Do what we used to do.

Pay them more. 120k is like 60k in mid 1990s money.

And, pay for their education. Invest in local colleges to help guide curriculum in what you need. That’s what defense contractors and mega corps do / have done.

Stop complaining and be stewards of your community. Like Henry Ford argued back in the day, “I want my employees to be able to buy a Ford”. Invest and the people will invest back.

mhb

We used to be able to assume that high school and college graduates could do elementary school math. Maybe what we used to do would be more palatable if we weren't pissing away money on dysfunctional public education.

germinalphrase

Alternatively, we have decades of credentials inflation such that our high school graduates can indeed do math - but we choose to pretend they can’t and instead insist that an expensive undergraduate degree is required for entry level work.

rahimnathwani

8.5% of UC Davis freshmen start the year without having mastered high school math.

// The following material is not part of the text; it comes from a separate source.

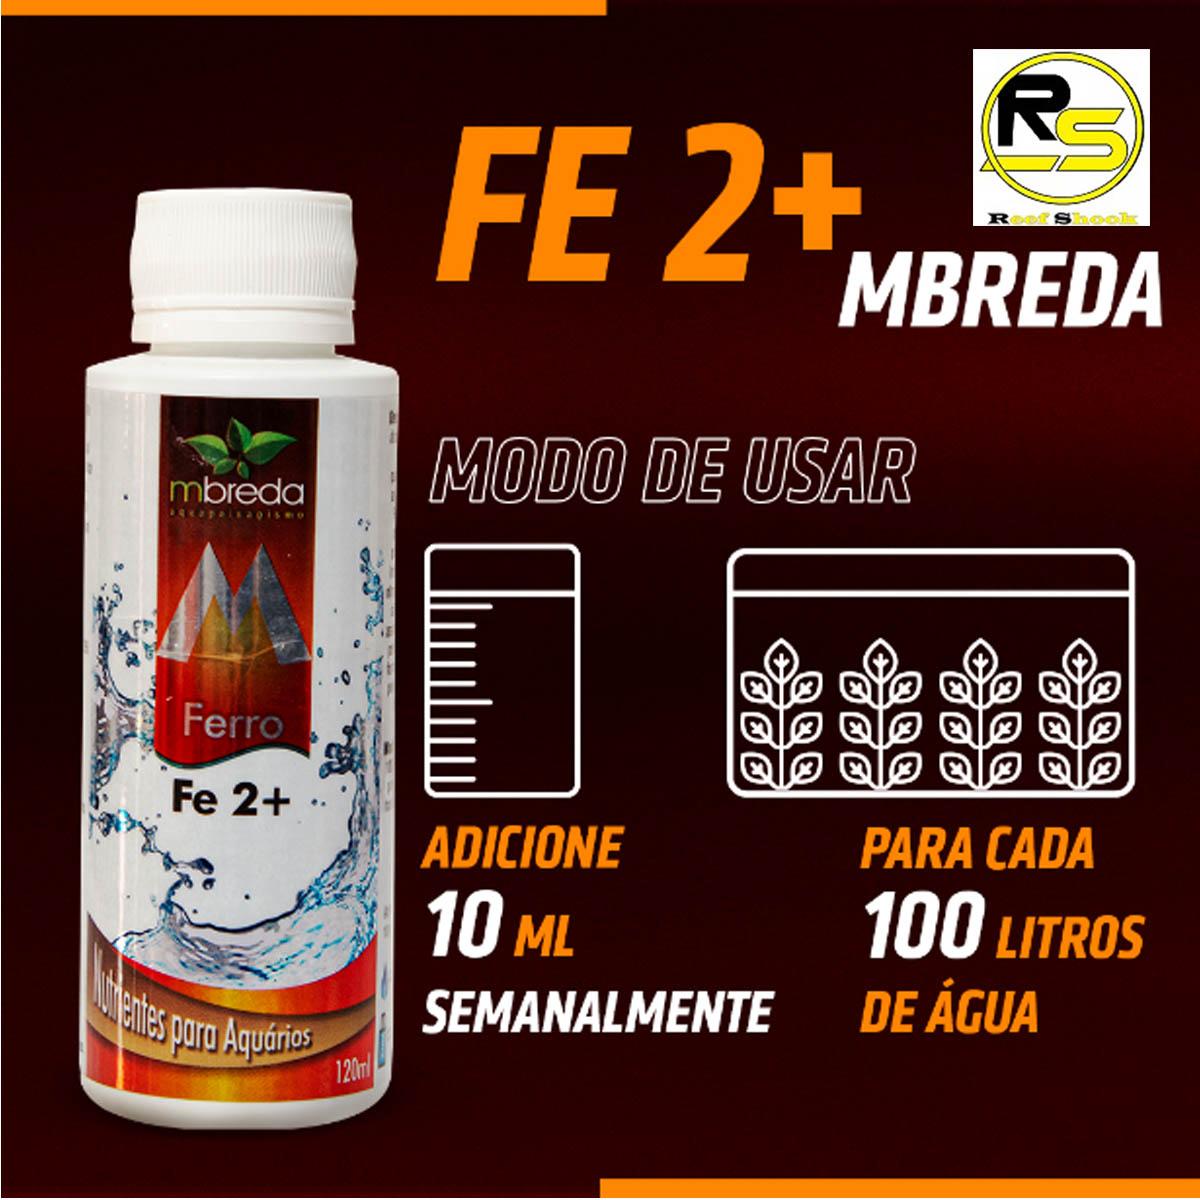 Fertilizante Ferro Fe2+ Mbreda 120ml para Aquario Plantado

See page 11 of this report: https://senate.ucsd.edu/media/740347/sawg-report-on-admissio...

I'm guessing if we were to take a random sample of high school graduates, the % would be much worse.

JumpCrisscross

> we have decades of credentials inflation such that our high school graduates can indeed do math

PISA math scores for Americna students fell over the last two decades [1].

[1] https://www.exploringtheproblemspace.com/new-blog/2025/1/23/...

xp84

I feel like you and GP are both right.

A ton of high school graduates can't do basic math (which also explains their economic illiteracy, like believing that just taxing billionaires more would fix everything[1]).

And also at the same time, we demand college degrees for white-collar jobs that anyone who completed the alleged requirements to graduate high school could totally do. I think this stems from an outdated belief that college is difficult and challenging, and therefore getting through it proves you're exceptionally clever. A notion that has been a joke for at least 15 years if not 20.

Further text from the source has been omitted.